According to some of the literature reports, DAG is known to be a product of breakdown by phospholipase C and plays an important role in regulating the activity of phospholipase A2, protein kinase C, and Ca2+ transport. Additionally, DAG can activate protein kinase C, which amplifies the signal from an activated cell surface receptor to effector proteins and phospholipase A2, serving as a source of arachidonic acid [16]. On this basis, we studied the content of DAG in the proximal and distal sections of the sciatic nerve after its transection and the action of IGF-1. The amount of DAG in intact nerves was found to average 14 μg DAG/mg total lipids. Nerve transection was accompanied by decreased DAG levels, with the minimum content observed on day 7. In this experimental condition, the DAG concentration decreased by 63.8% and 93.5% in the proximal and distal segments of the damaged nerve, respectively, compared with the control. As the postoperative period extended to 28 days, the DAG level increased, but it remained, on average, 1.8 times lower than the control value in both segments of the nerve conductor. The experiment showed that the most pronounced changes in DAG levels occurred when the substance was administered at a concentration of 75 ng/kg, with its content increasing on average by 12.4%, 49.3%, and 22.9% on days 14, 21, and 28 after transection, respectively, compared with the damage (Figure 4).

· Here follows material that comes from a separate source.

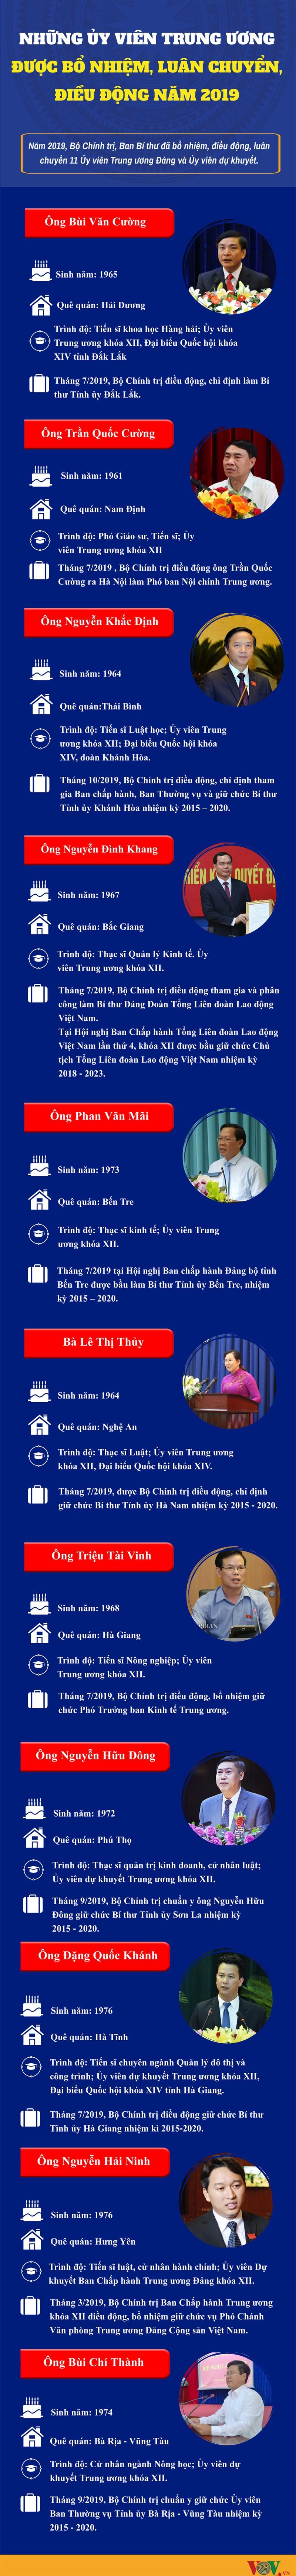 nhung uy vien trung uong duoc bo nhiem luan chuyen dieu dong nam 2019

On day 21 of the experiment, the distal segment of the nerve conductor exhibited a 9.4% increase in DAG levels relative to the damaged nerve without drug intervention. No significant changes were observed in the other experimental conditions.

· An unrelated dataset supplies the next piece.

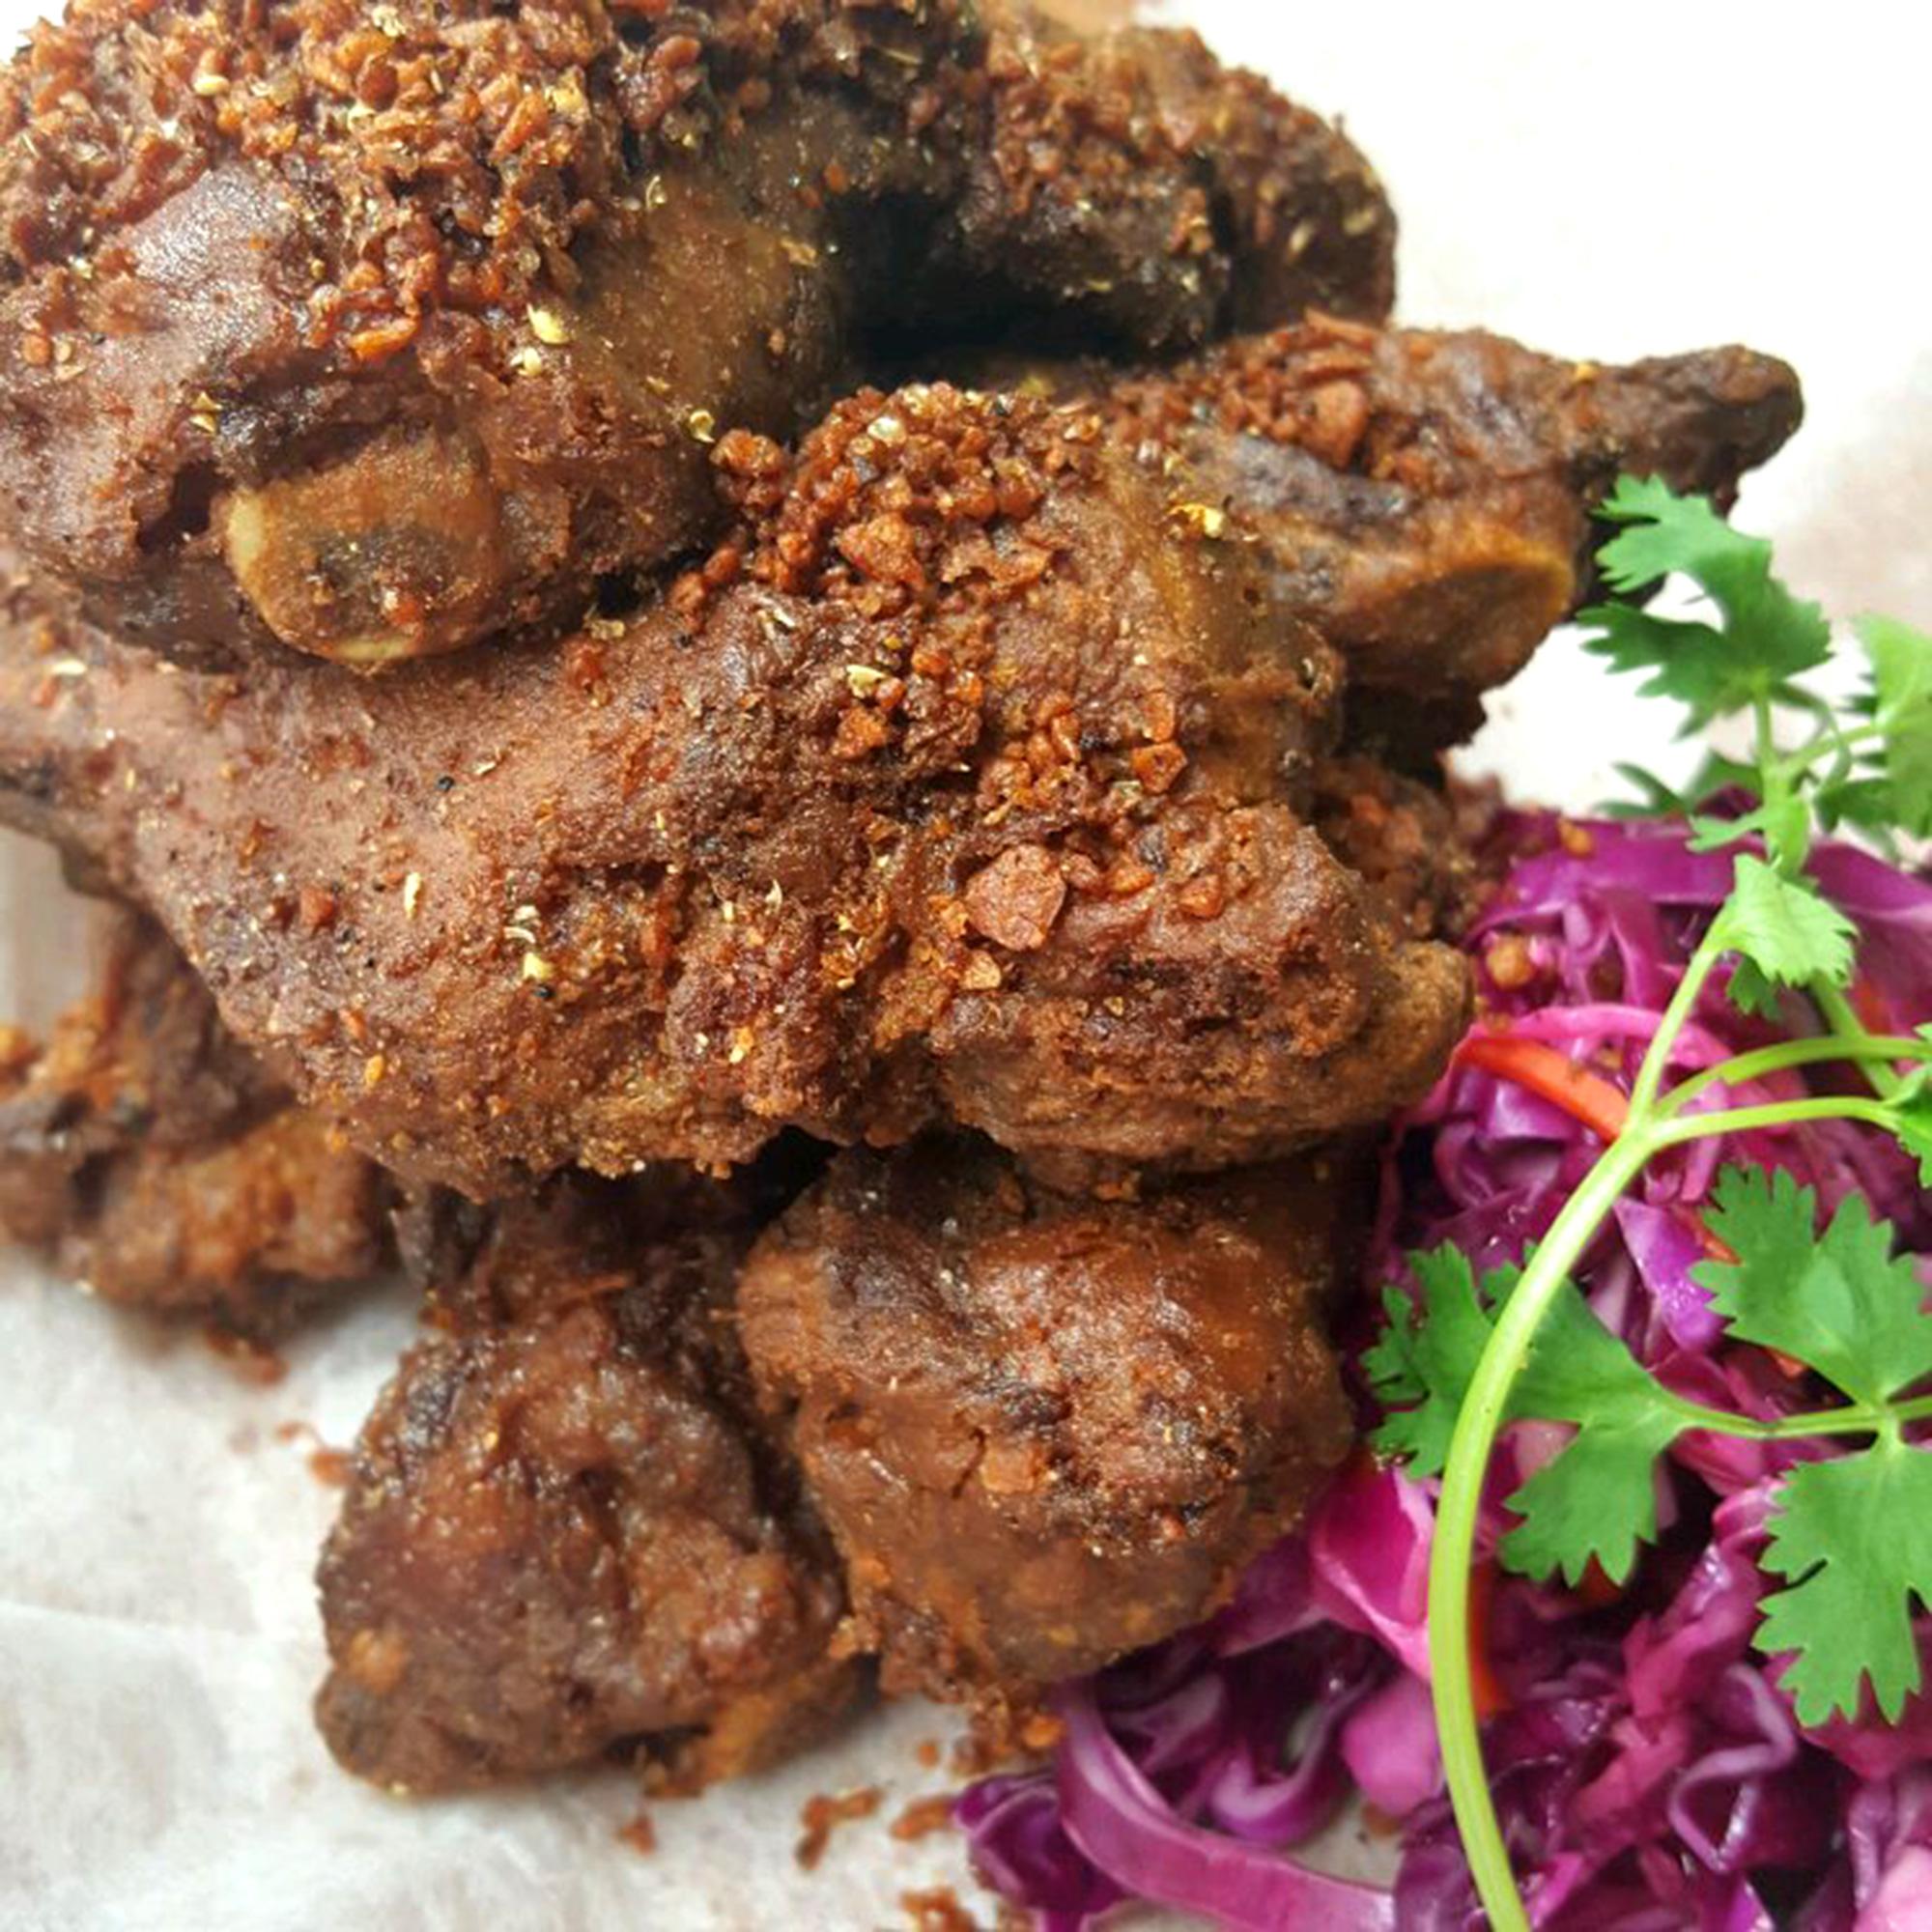 Deep Fried Ribs with Garlic & Sze Chuan Pepper ($18)

According to the literature, FFAs regulate the activity of ion channels and ATPases, G-proteins, and protein kinases, modulating the PI and sphingomyelin cycles, acting as secondary messengers, and mediating the effects of many other bioactive molecules [17]. According to our findings, the FFA content in the nerves of the control animals averaged 20 μg FA/mg total lipids. After nerve transection, significant changes were observed in the FFA levels in the proximal segment of the nerve conductor. The maximum accumulation occurred on day 7 of the experiment, reaching 51.76 ± 2.44 μg FA/mg total lipids. Subsequently, the FFA level displayed a propensity to decrease. Extending the post-injury period to 28 days decreased FFA levels, although the level remained significantly higher than that of the control, averaging 1.4 times greater (Figure 5). Similar dynamics were observed in the distal segment of the nerve conductor, but these changes were more pronounced due to extensive degenerative processes along its entire length. When IGF-1 was administered at a concentration of 75 ng/kg in the proximal segment of the nerve, there was a decrease in FFA levels. The amount of FFA decreased by 15.7% and 35.6% relative to injury on days 14 and 21, respectively, and, following an increase in the post-injury period to 28 days, the FFA level decreased by a factor of 1.4 compared with the transection series (Figure 5).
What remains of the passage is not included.